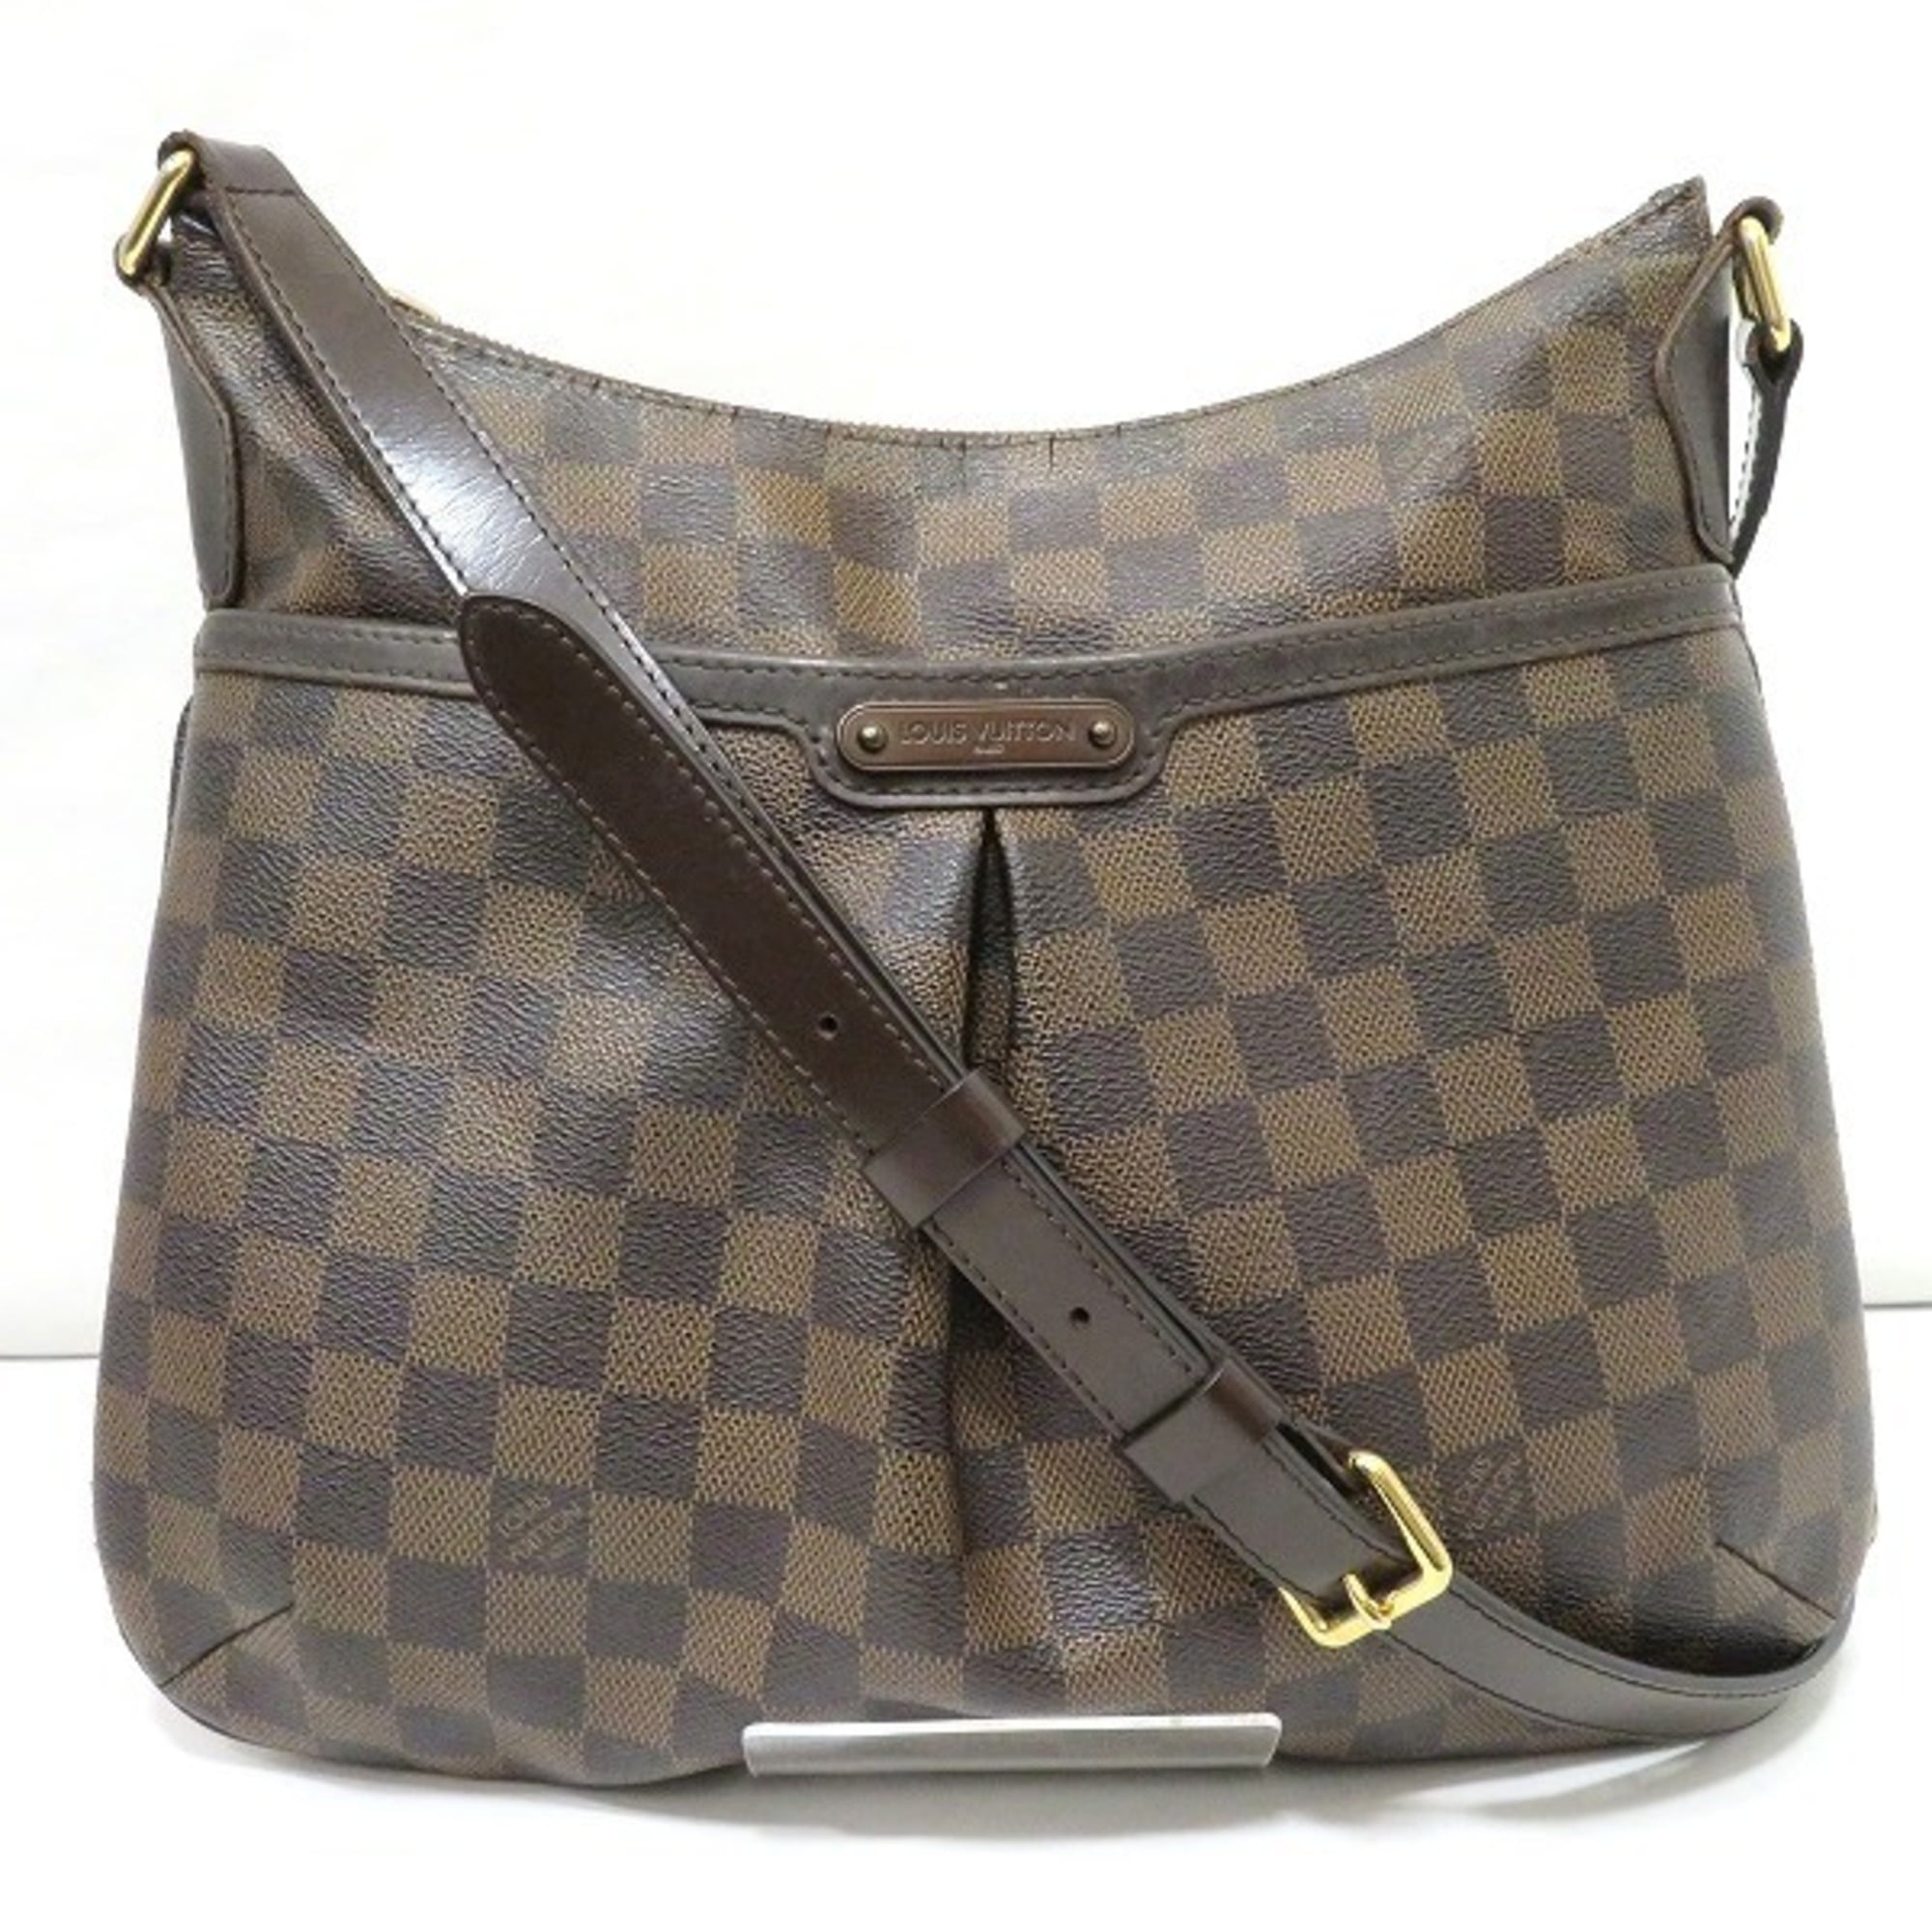 Louis Vuitton, Bags, Louis Vuitton Bloomsbury Pm Size
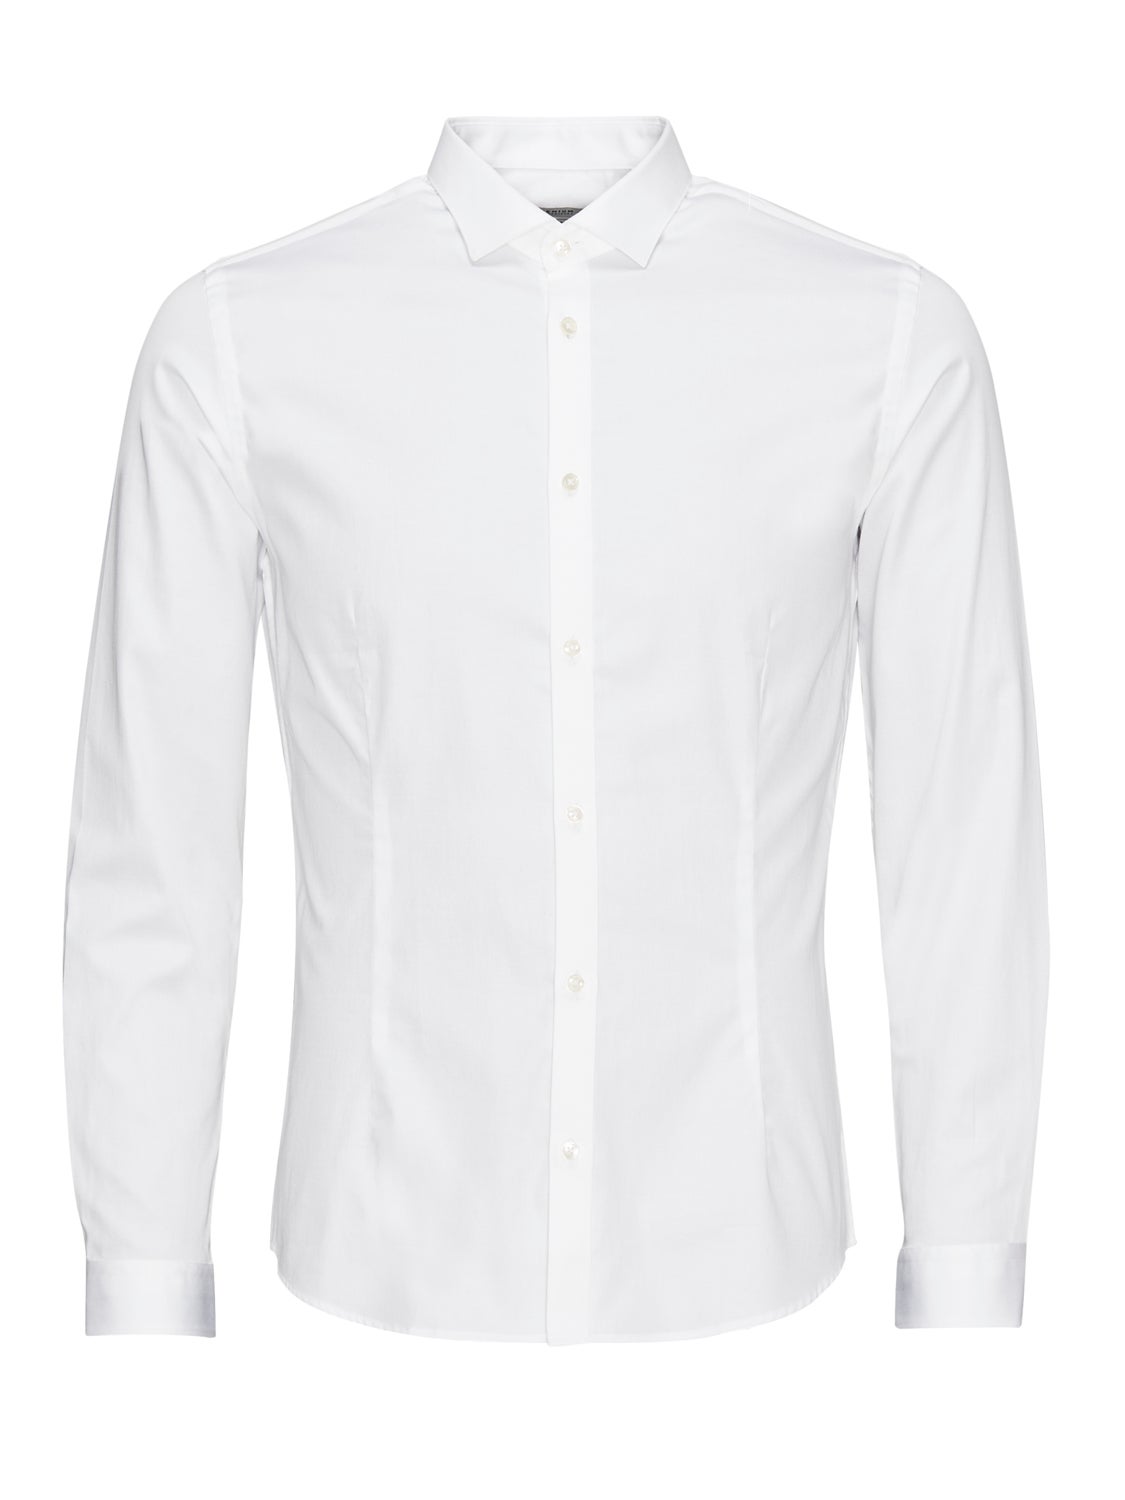 Camisa Hombre Blanco Con Cuadrado Jack & Jones - 12212591 - 12212591.25
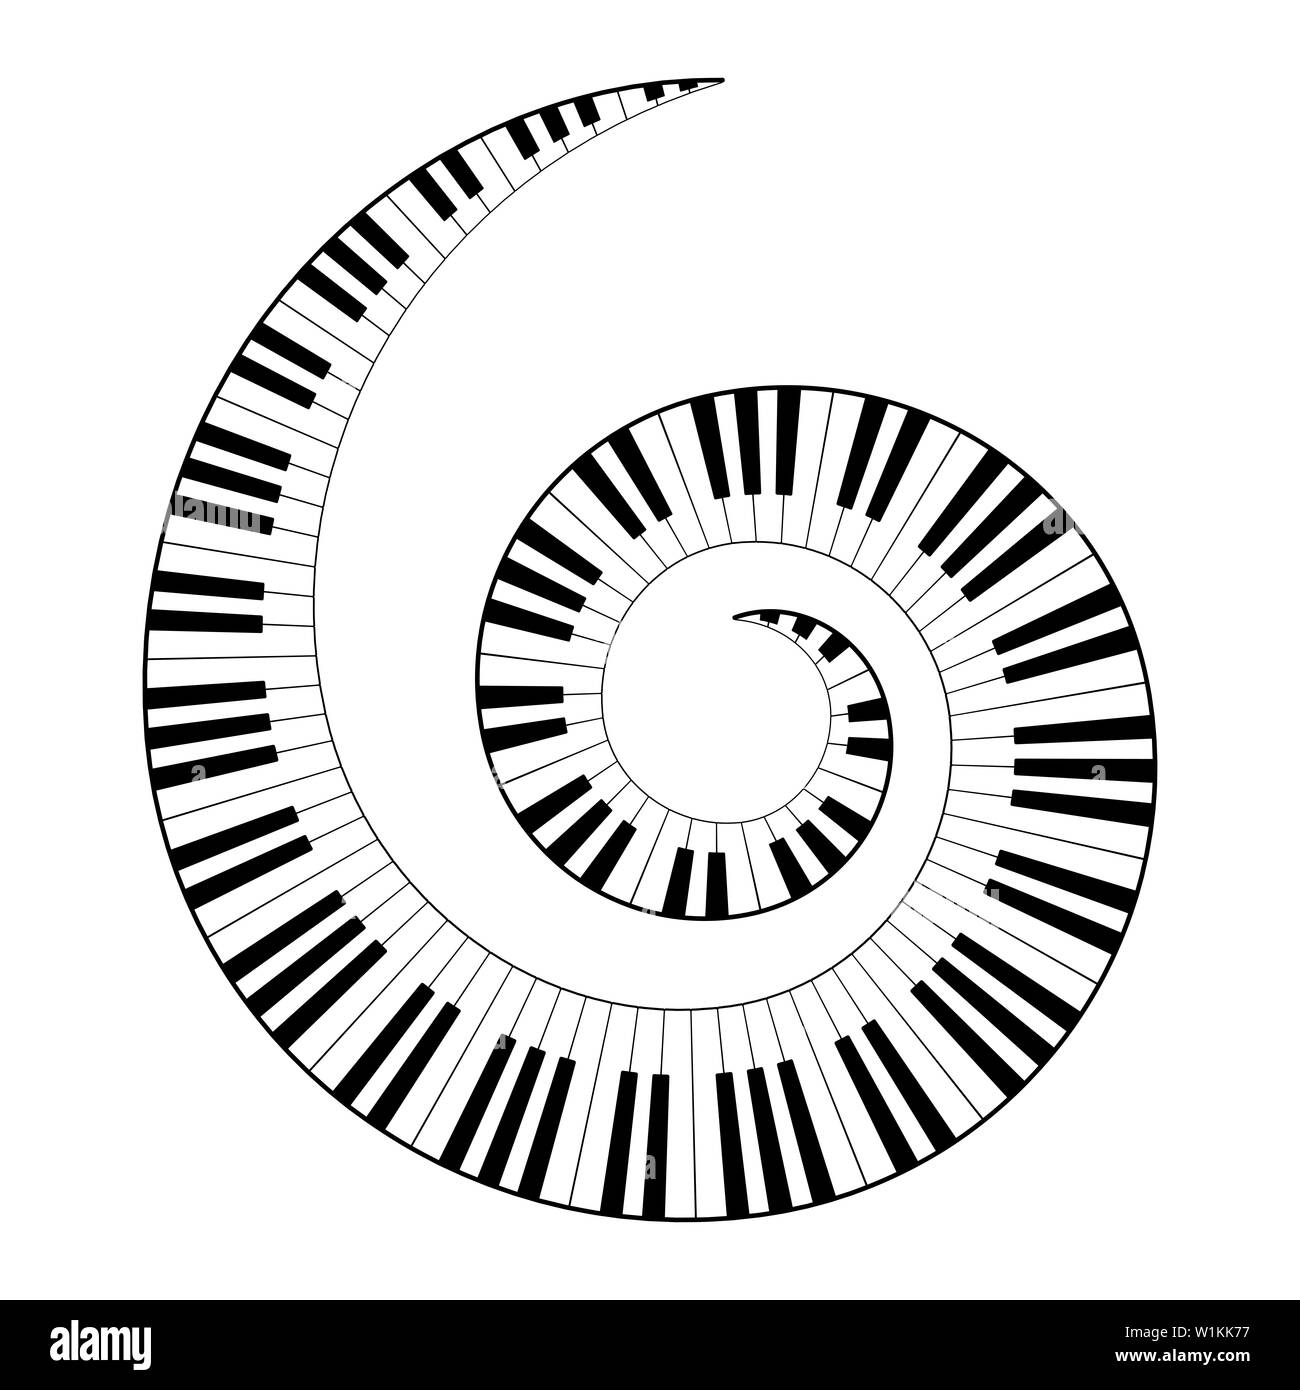 Tastiera musicale a spirale, costruita a partire da modelli di ottava, in bianco e nero pianoforte i tasti della tastiera, sagomata nel motivo ripetuto. Illustrazione. Foto Stock
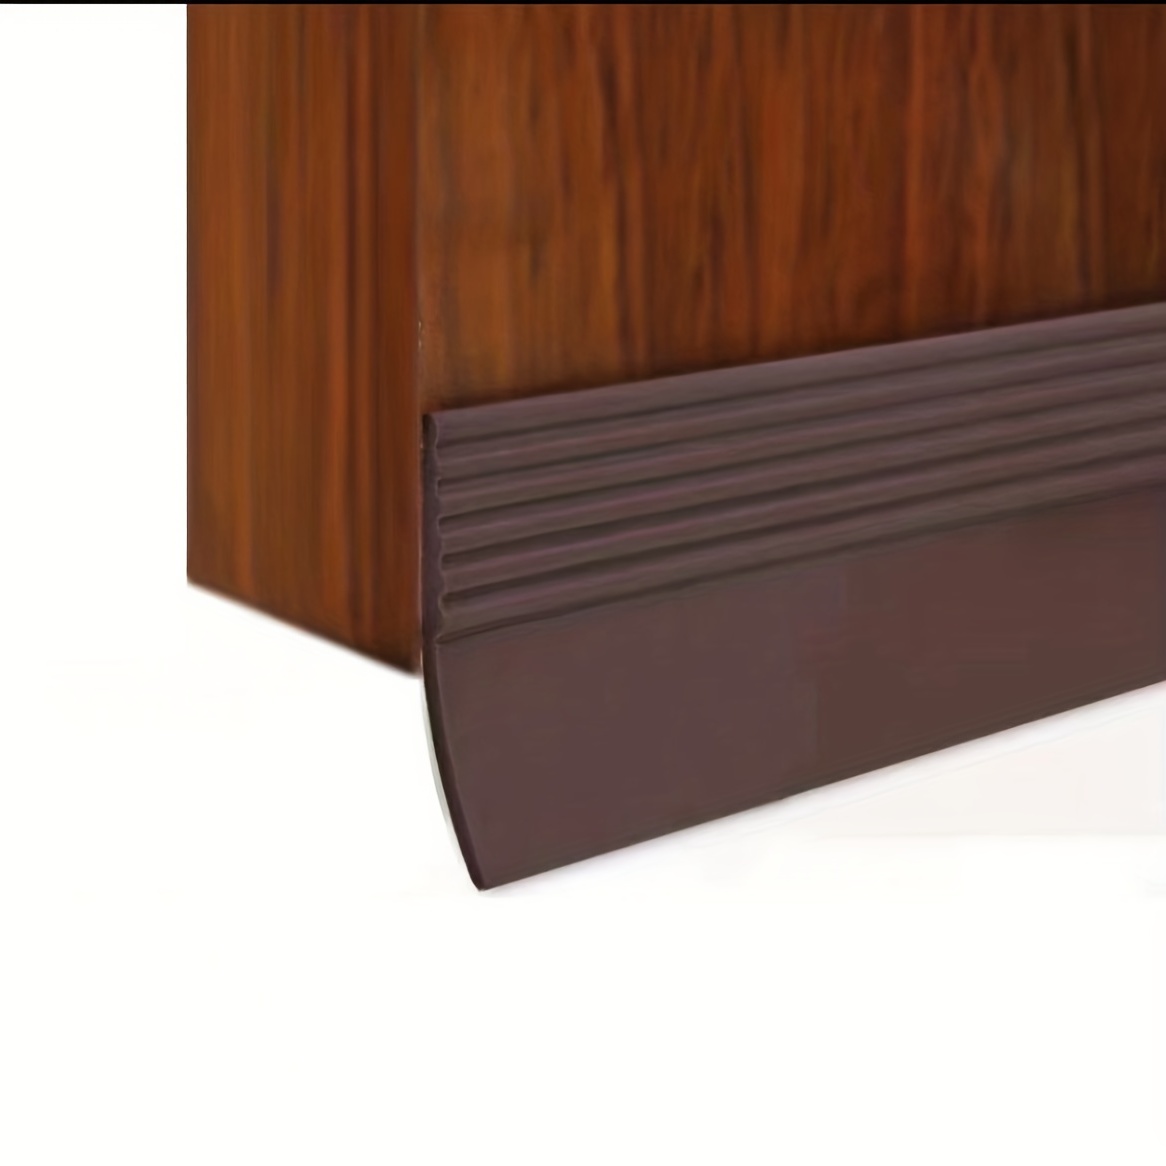 

1pc Self-adhesive Silicone Door Draft Stopper – Door Seal Strip For Under Door Seal Gap Interior & Exterior Doors Weather Stripping Soundproof

TASK TO COMPLETE:
Type the material out again exactly. Skip the pictures.

COMPLETED TASK:
 Louis Vuitton, Bags, Louis Vuitton Bloomsbury Pm Size
 Camisa Hombre Blanco Con Cuadrado Jack & Jones - 12212591 - 12212591.25
 Tastiera musicale a spirale, costruita a partire da modelli di ottava, in bianco e nero pianoforte i tasti della tastiera, sagomata nel motivo ripetuto. Illustrazione. Foto Stock

1pc Self-adhesive Silicone Door Draft Stopper – Door Seal Strip For Under Door Seal Gap Interior & Exterior Doors Weather Stripping Soundproof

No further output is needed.